Domingo que es, tenía cosas importantes que hacer esta mañana (el “inglé” lo tengo muy abandonado). Pero, héteme aquí que me he dado de bruces, una vez más, con “Costa Ibérica. Hacia la ciudad del ocio” (MVRDV-Actar) y… sigo sin poder hincarle el diente en toda su intensidad más allá de las páginas de José Miguel Iribas (Benidorm, manual de uso; páginas 108 a 119), de Winy Maas (72 a 77 y gráficos) y de Paul Ouwerkerk. Y hambre tenía de él; y muchas fotos había, que descorazonan cuando uno busca letras, y letras, y mensaje.

Incluso, después de desayunar, al solecito benidormero que inunda el despacho, y al aroma de un Hoyo de Monterrey Du Maire -que me reservaba para mejor ocasión, pero ¡qué débil es la carne-, se me hace indigerible en su conjunto el librito de marras.  Por cierto, a ver qué se me ocurre en lo de fumar, que esta semana tengo un almuerzo de los de luego echar humos; a ver con que disparo yo si estoy gastando la munición en disfrutar naderías.

En fin; al grano.

Comienzo bien, le leo a Paul Ouwerkerk que Benidorm “En realidad es una especie del crucero masivo. Subes a bordo. Y luego te instalas. Hay mucho que hacer a bordo. No hay razón para bajar a tierra antes de que se acaben las vacaciones”. Es que, dice, “Benidorm es el refugio perfecto”, y me gana.
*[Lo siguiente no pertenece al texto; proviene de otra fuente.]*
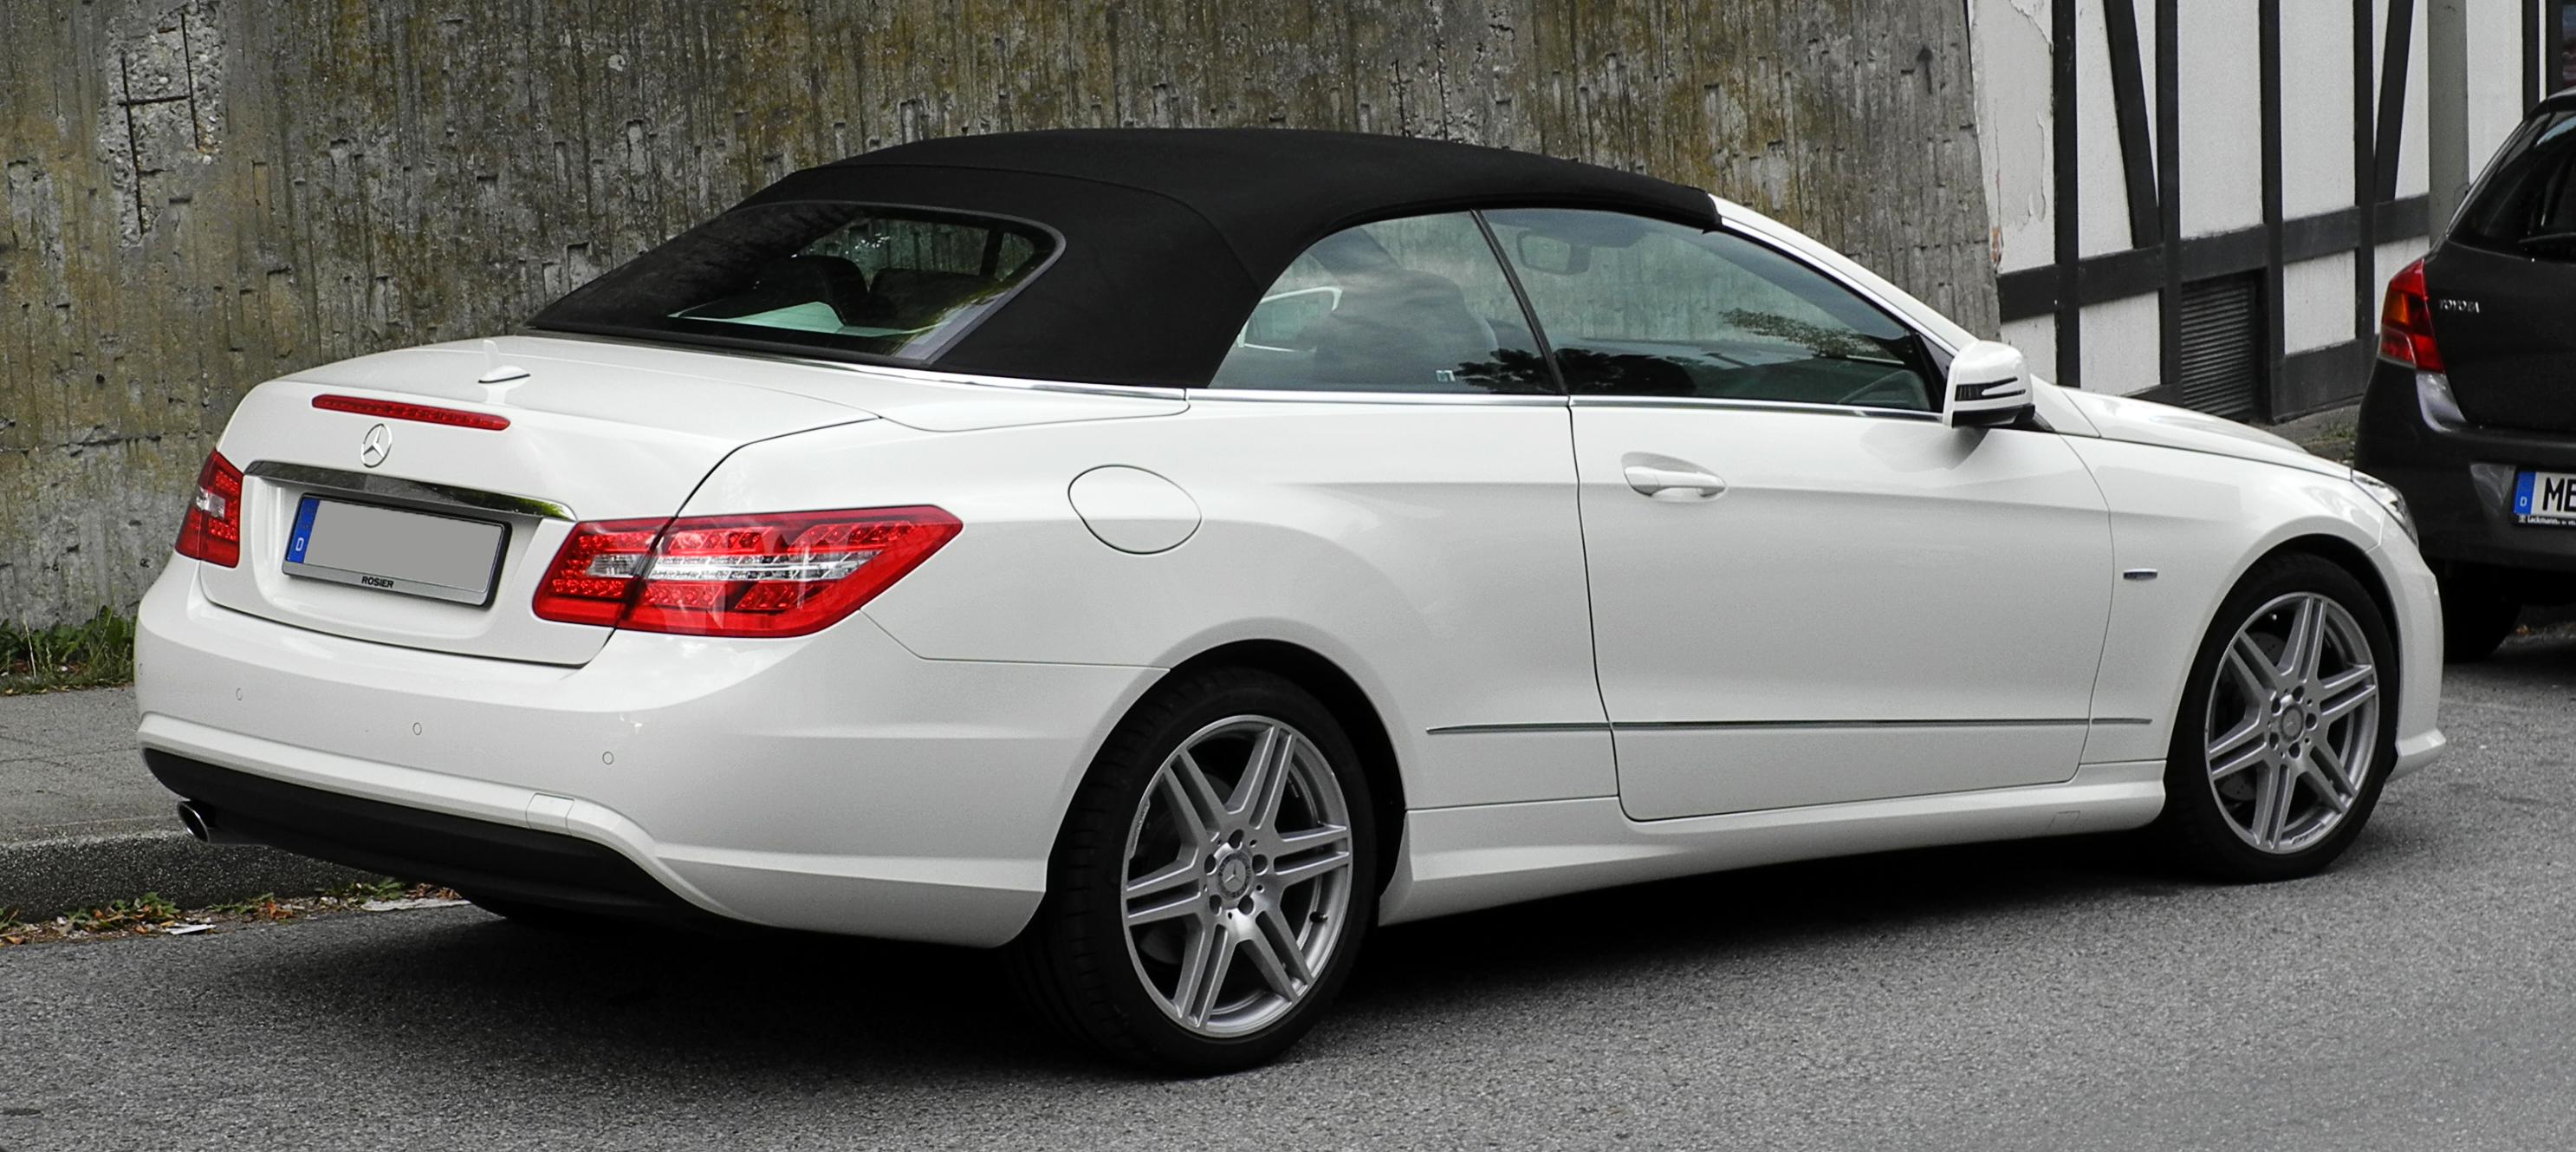 Mercedes benz e 250 cgi blueefficiency cabriolet for Mercedes benz e 250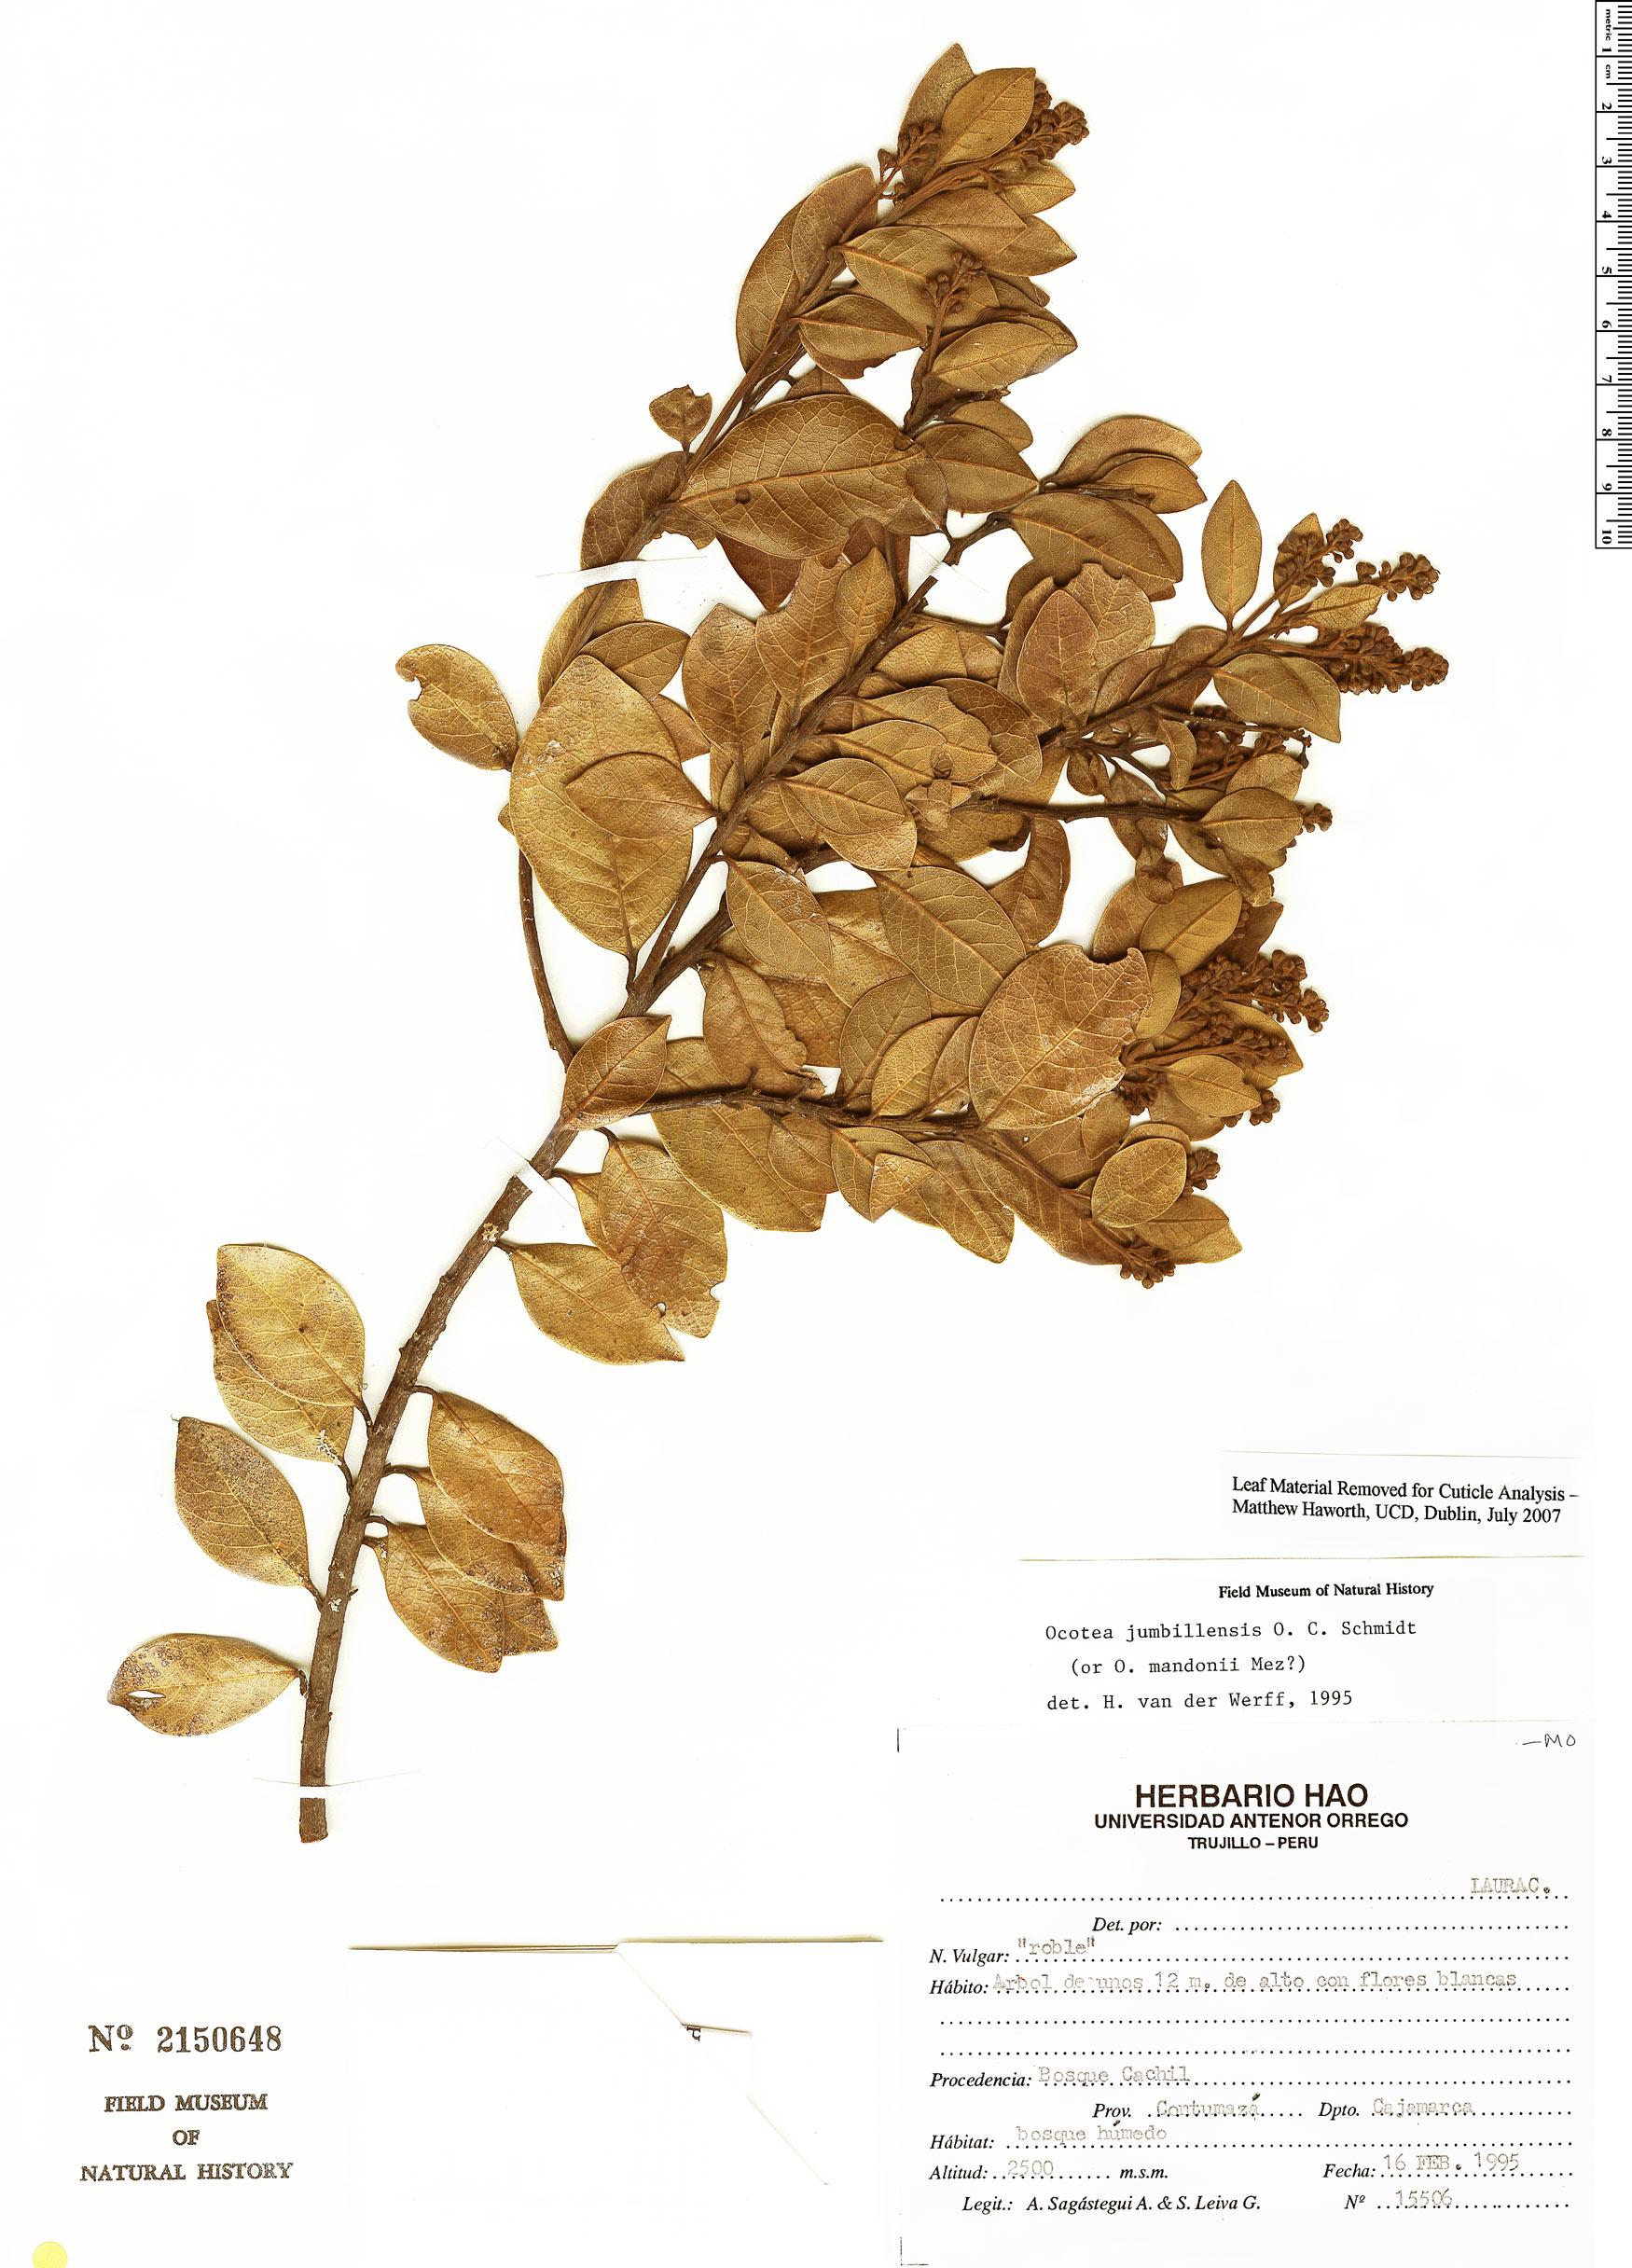 Specimen: Ocotea jumbillensis

Y el caso es que hay opiniones para todos los gustos, pero como no enturbian el grato regusto y mejor aroma del cigarro, las trasiego.

Pero es que esto va más allá de Benidorm; es un ejercicio sobre el impacto de toda una costa urbanizada, una ciudad lineal para la que Winy Maas dice lo de “Esta ‘Ciudad lineal’ nos puede ser descrita en términos urbanísticos clásicos. Está formada básicamente por reemplazos temporales de grupos sociales determinados. En primavera, un gran número de jubilados huye del clima frío y perjudicial de sus países de origen; en verano, acoge la mayor concentración de jóvenes de todo el mundo en la mayor fiesta disco contemporánea; en otoño se convierte en el lugar de descanso de los propios españoles; y en los meses de invierno parece una especie de ‘pueblo fantasma’”.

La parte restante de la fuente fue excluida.